EXERCISE BRIEF => Exclude the pictures and set down, unaltered, the lines from the one that holds "Ручка KRAFT MIX" through the end of the data.

COLLECTED DATA =>

- - -

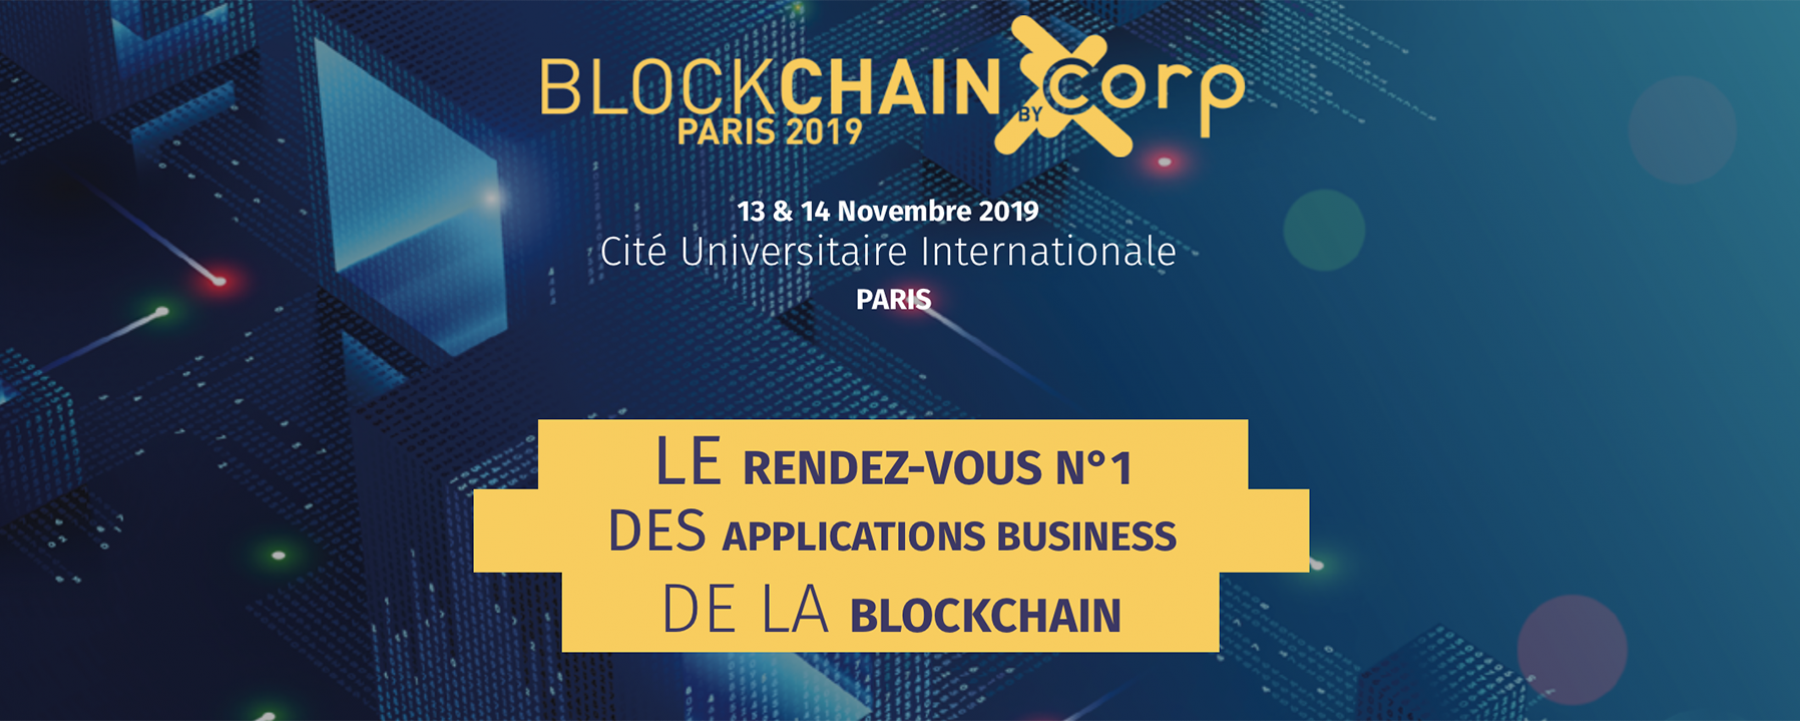 Visuel Blockchain Corp Paris 2019
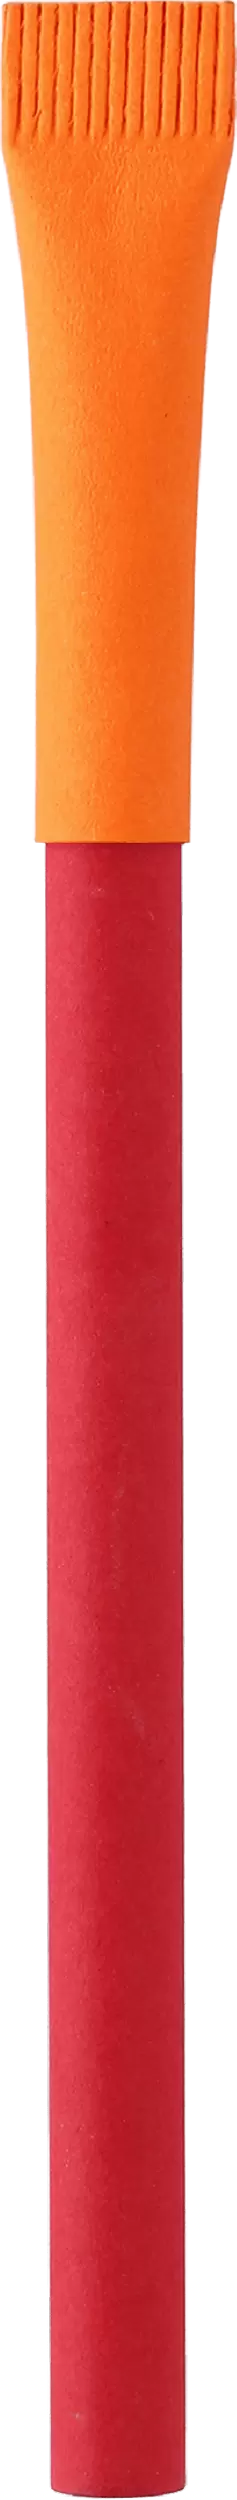 Ручка KRAFT MIX Красная с оранжевым 3011-03-05
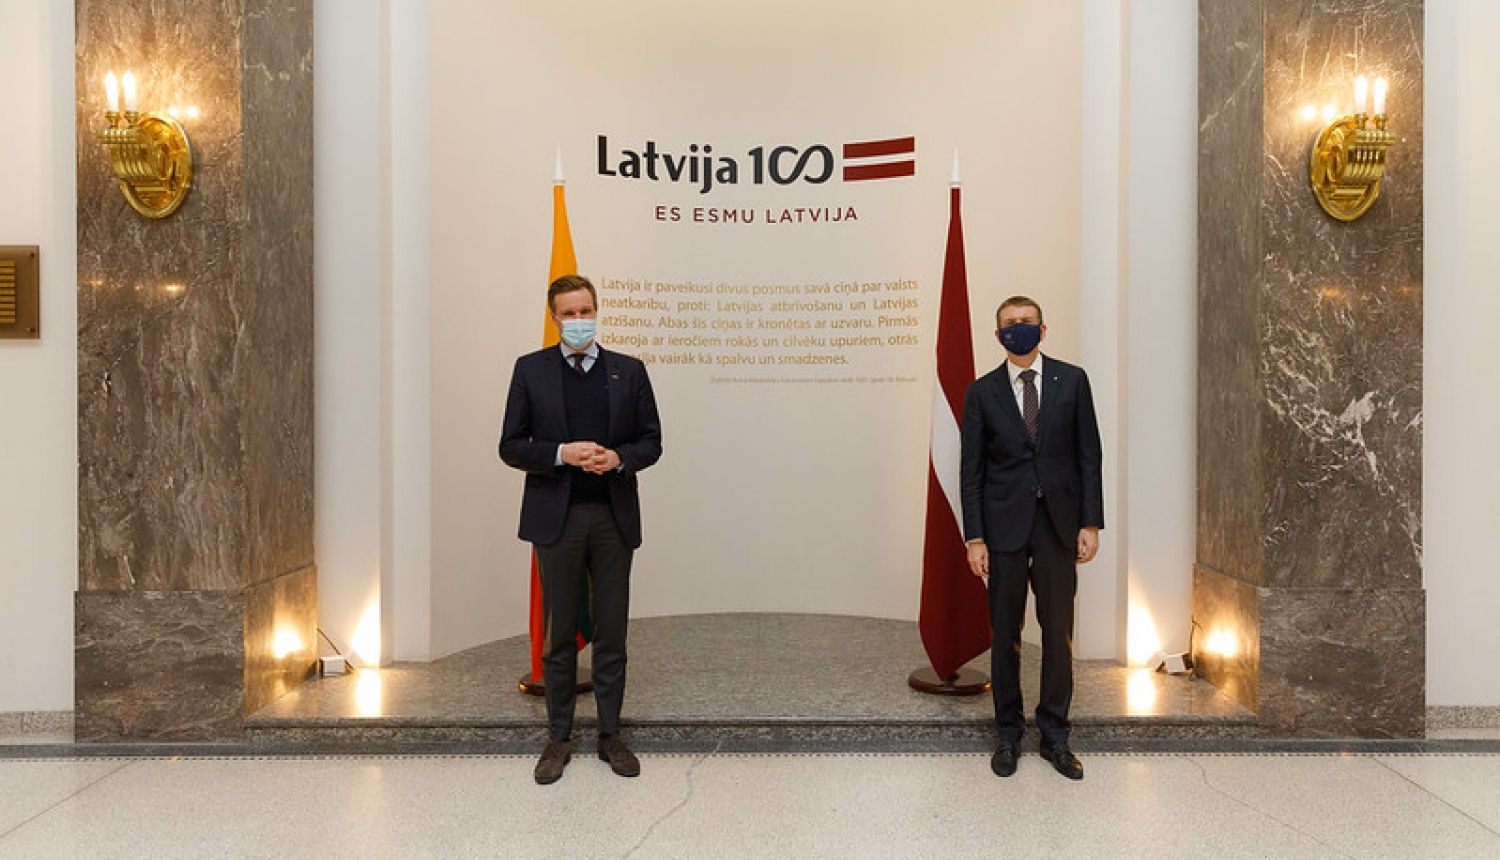 Latvijas un Lietuvas ārlietu ministri turpinās vienotu nostāju par situāciju Baltkrievijā un Krievijā
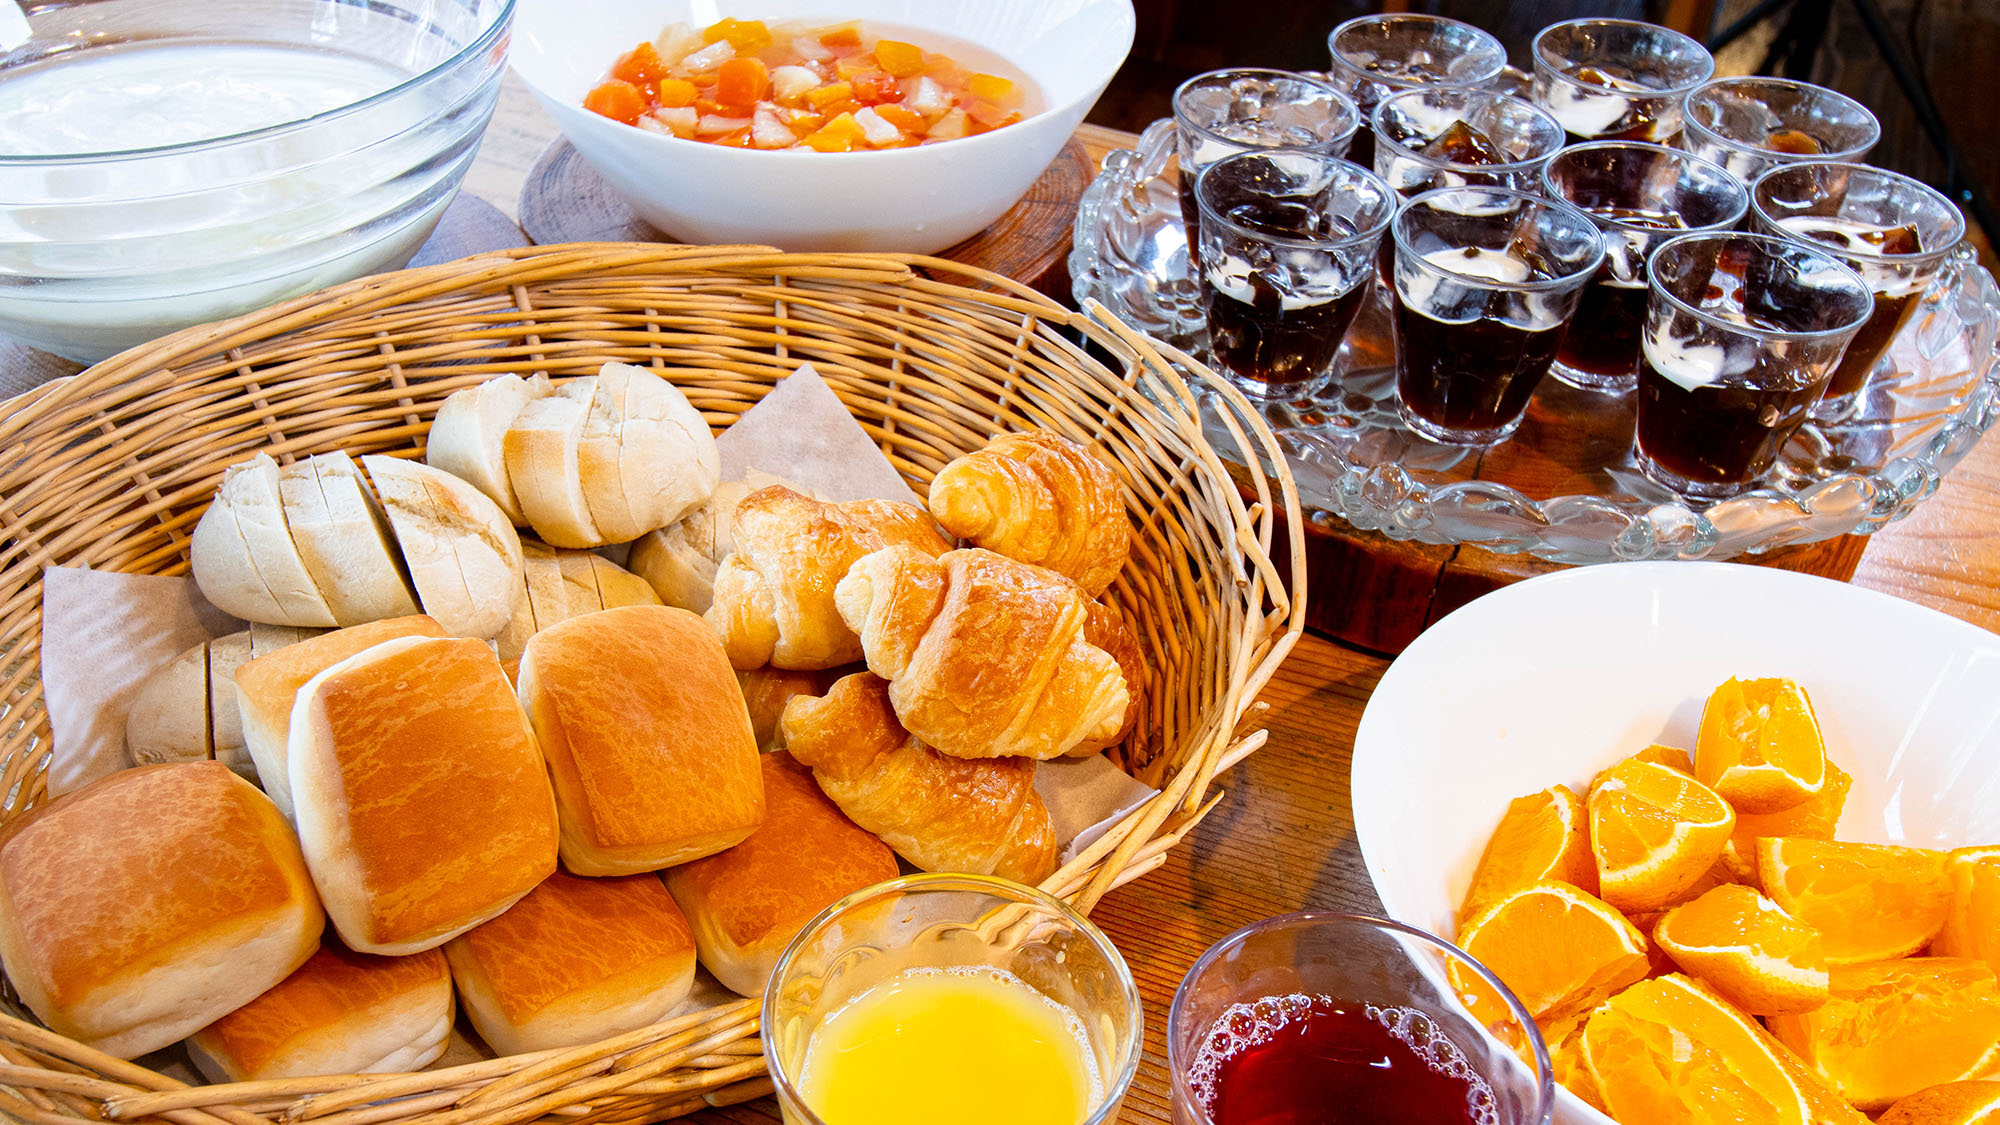 ◆朝食バイキング◆朝食の締めに新鮮な果物やデザートをどうぞ

- - -

YOUR SOLUTION =>
 Ручка KRAFT MIX Красная с оранжевым 3011-03-05
 Latvijas un Lietuvas ārlietu ministri turpinās vienotu nostāju par situāciju Baltkrievijā un Krievijā
 ◆朝食バイキング◆朝食の締めに新鮮な果物やデザートをどうぞ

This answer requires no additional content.